The Interaction of Central Nervous System and Acute Kidney Injury: Pathophysiology and Clinical Perspectives

Abstract

Acute kidney injury (AKI) is a common disorder in critically ill hospitalized patients. Its main pathological feature is the activation of the sympathetic nervous system and the renin-angiotensin system (RAS). This disease shows a high fatality rate. The reason is that only renal replacement therapy and supportive care can reduce the impact of the disease, but those measures cannot significantly improve the mortality. This review focused on a generalization of the interaction between acute kidney injury and the central nervous system (CNS). It was found that the CNS further contributes to kidney injury by regulating sympathetic outflow and oxidative stress in response to activation of the RAS and increased pro-inflammatory factors. Experimental studies suggested that inhibiting sympathetic activity and RAS activation in the CNS and blocking oxidative stress could effectively reduce the damage caused by AKI. Therefore, it is of significant interest to specify the mechanism on how the CNS affects AKI, as we could use such mechanism as a target for clinical interventions to further reduce the mortality and improve the complications of AKI. Systematic Review Registration: [www.ClinicalTrials.gov], identifier [registration number].

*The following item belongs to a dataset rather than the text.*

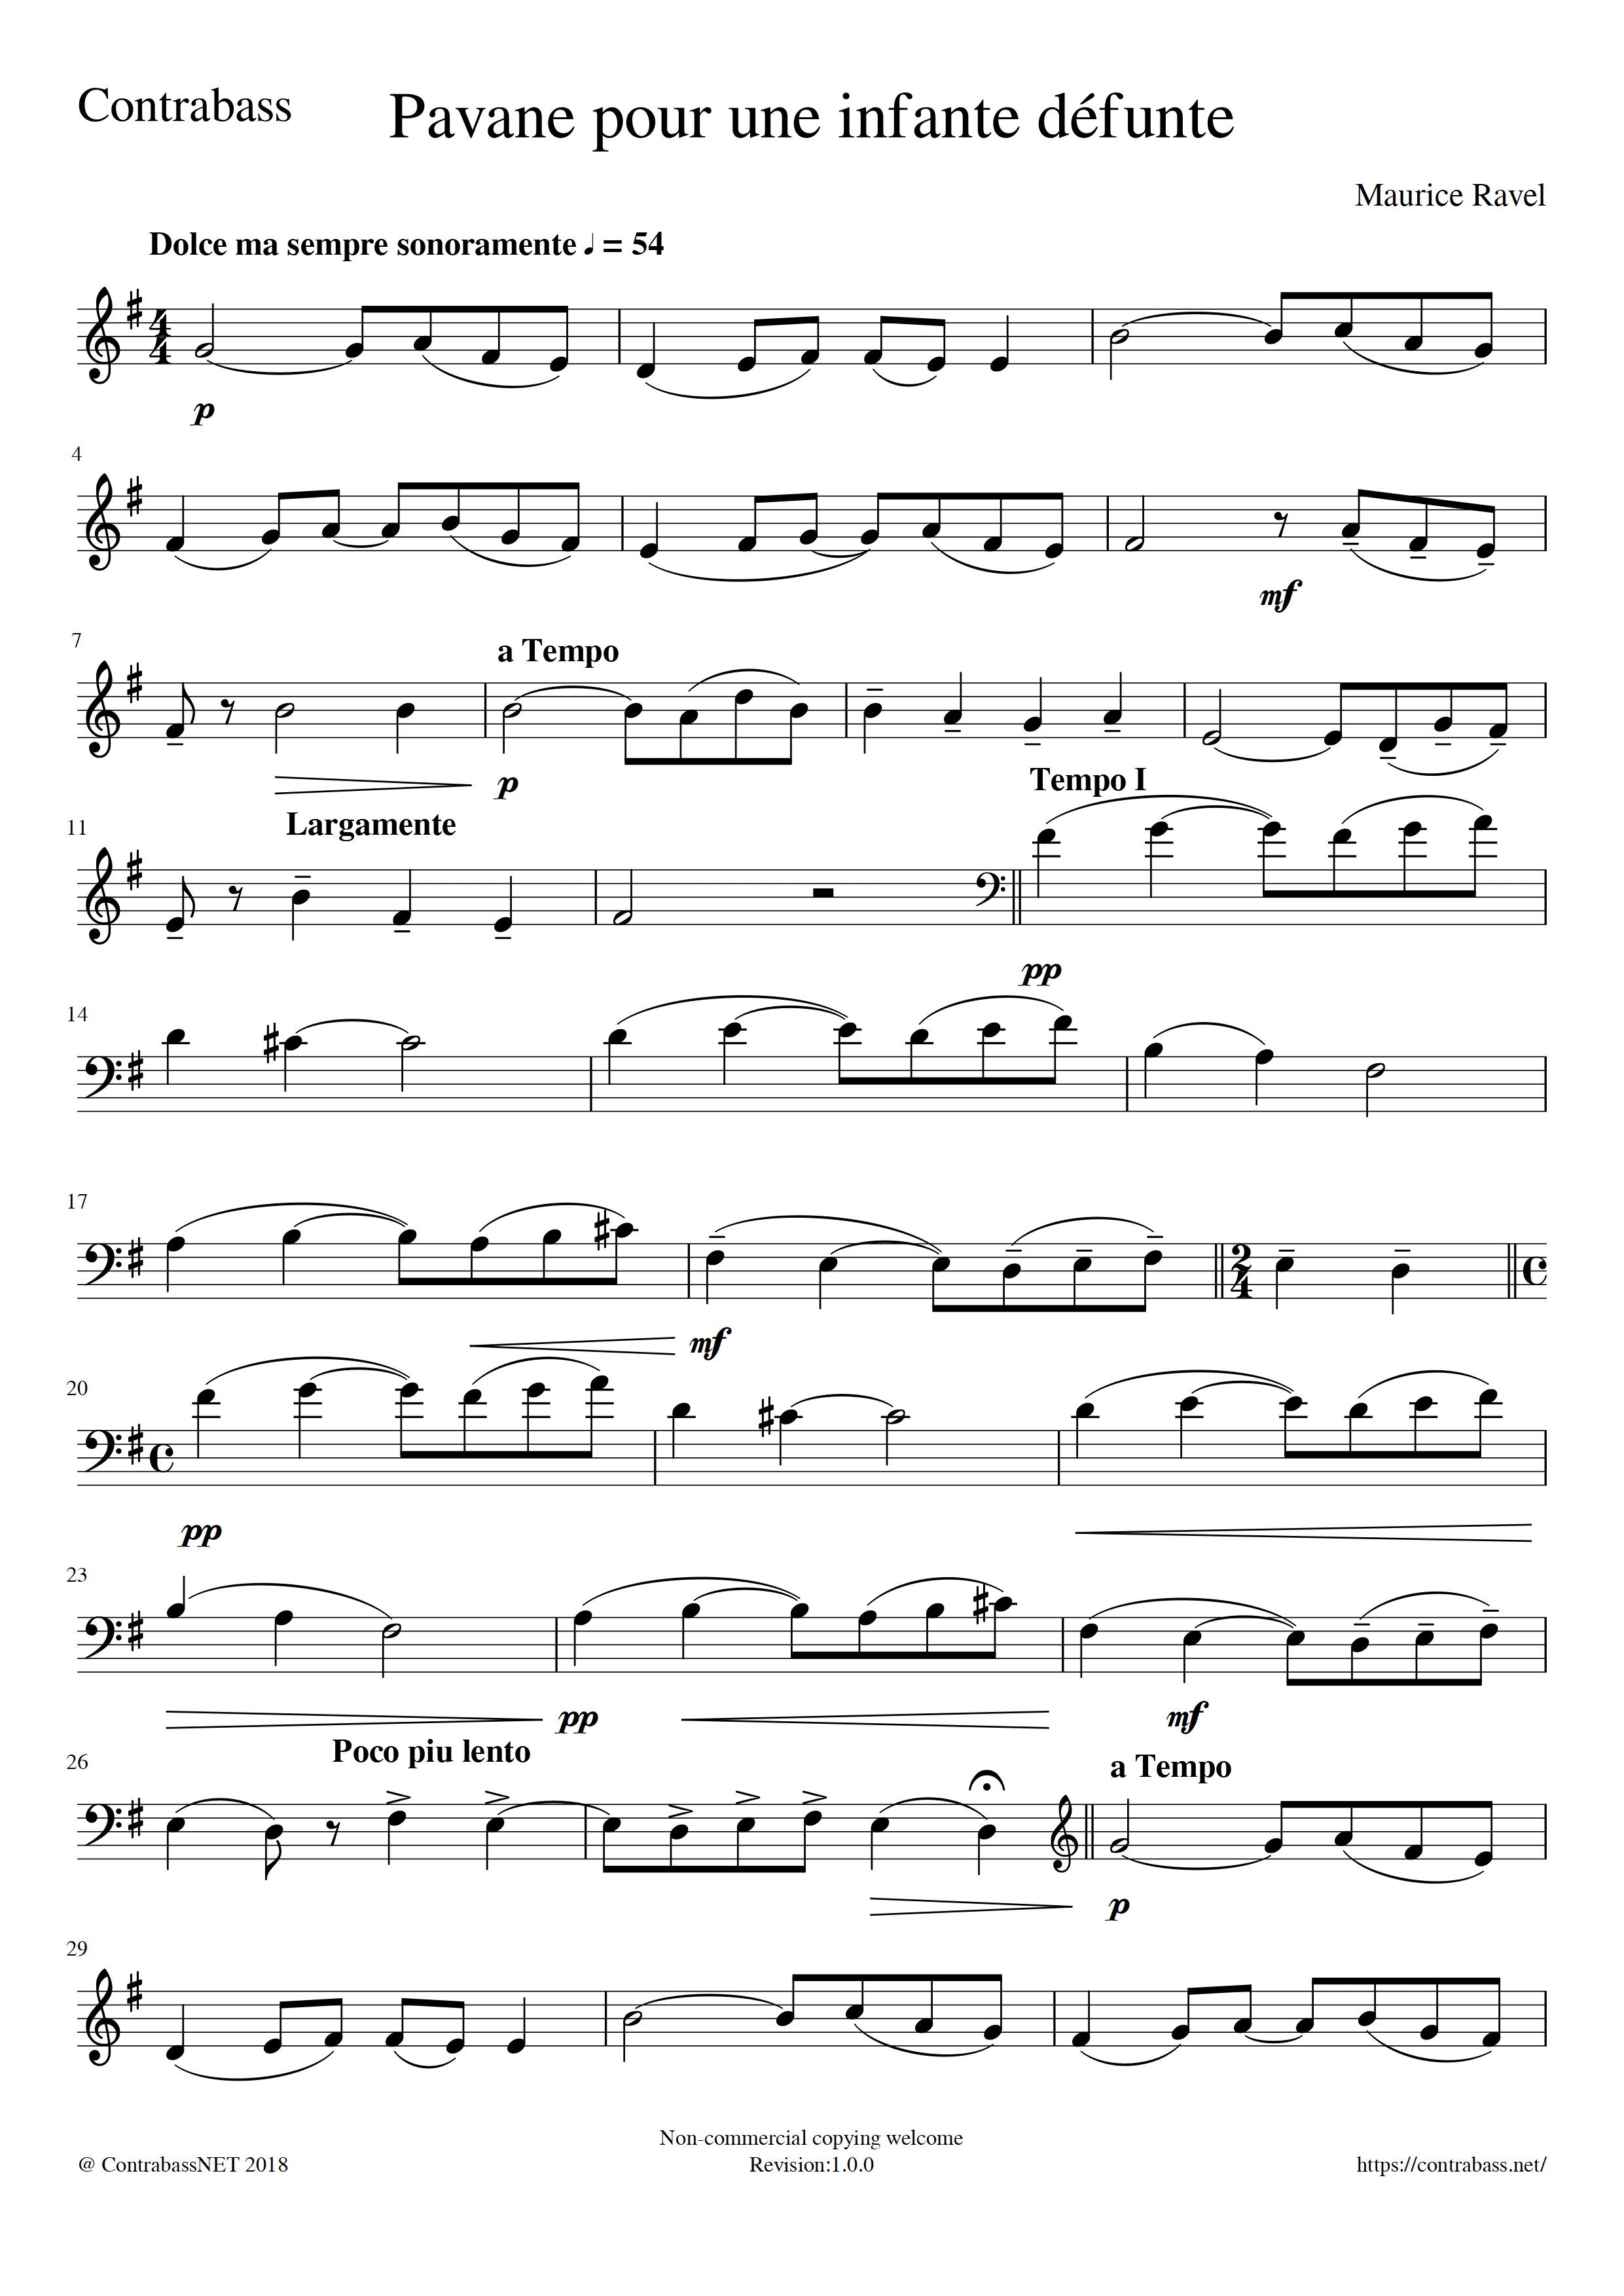 M.Ravel: Pavane pour une infante défunte Contrabass

Keywords: acute kidney injury; central nervous system; neuromodulation; paraventricular hypothalamic; sympathetic nervous system.

FIGURE 1

Modification of the central nervous system pathways involved in sympathetic activation during acute kidney injury (AKI). Activation of renal afferent sensory nerves, which project to the paraventricular nucleus (PVN) of the hypothalamus, promotes pre-sympathetic neuronal activity and inhibits GABAergic neuronal activity. By projecting from the PVN to norepinephrinergic neurons in the rostral ventrolateral medulla (RVLM), norepinephrine (NE) levels are increased, thereby promoting sympathetic nervous system (SNS) activity, which further leads to renal vasoconstriction, decreased glomerular filtration rate (GFR), and sodium and water retention.

FIGURE 2

The role of proinflammatory cytokines and angiotensin II (Ang II) in the paraventricular nuclear (PVN) during acute kidney injury (AKI). The systemic inflammatory response to AKI leads to an increase in central nervous system (CNS) pro-inflammatory cytokines. Both Ang II and pro-inflammatory cytokines stimulate NAD(P)H oxidase activity and activate the NF-κB signaling pathway, leading to further cytokine synthesis and Ang II binding to the Ang II type 1 (AT₁) receptor, creating positive feedback loops. The activation of the NF-κB signaling pathway also leads to an increase in norepinephrine (NE) release, promoting sympathetic nervous system (SNS) activity, further exacerbating kidney injury.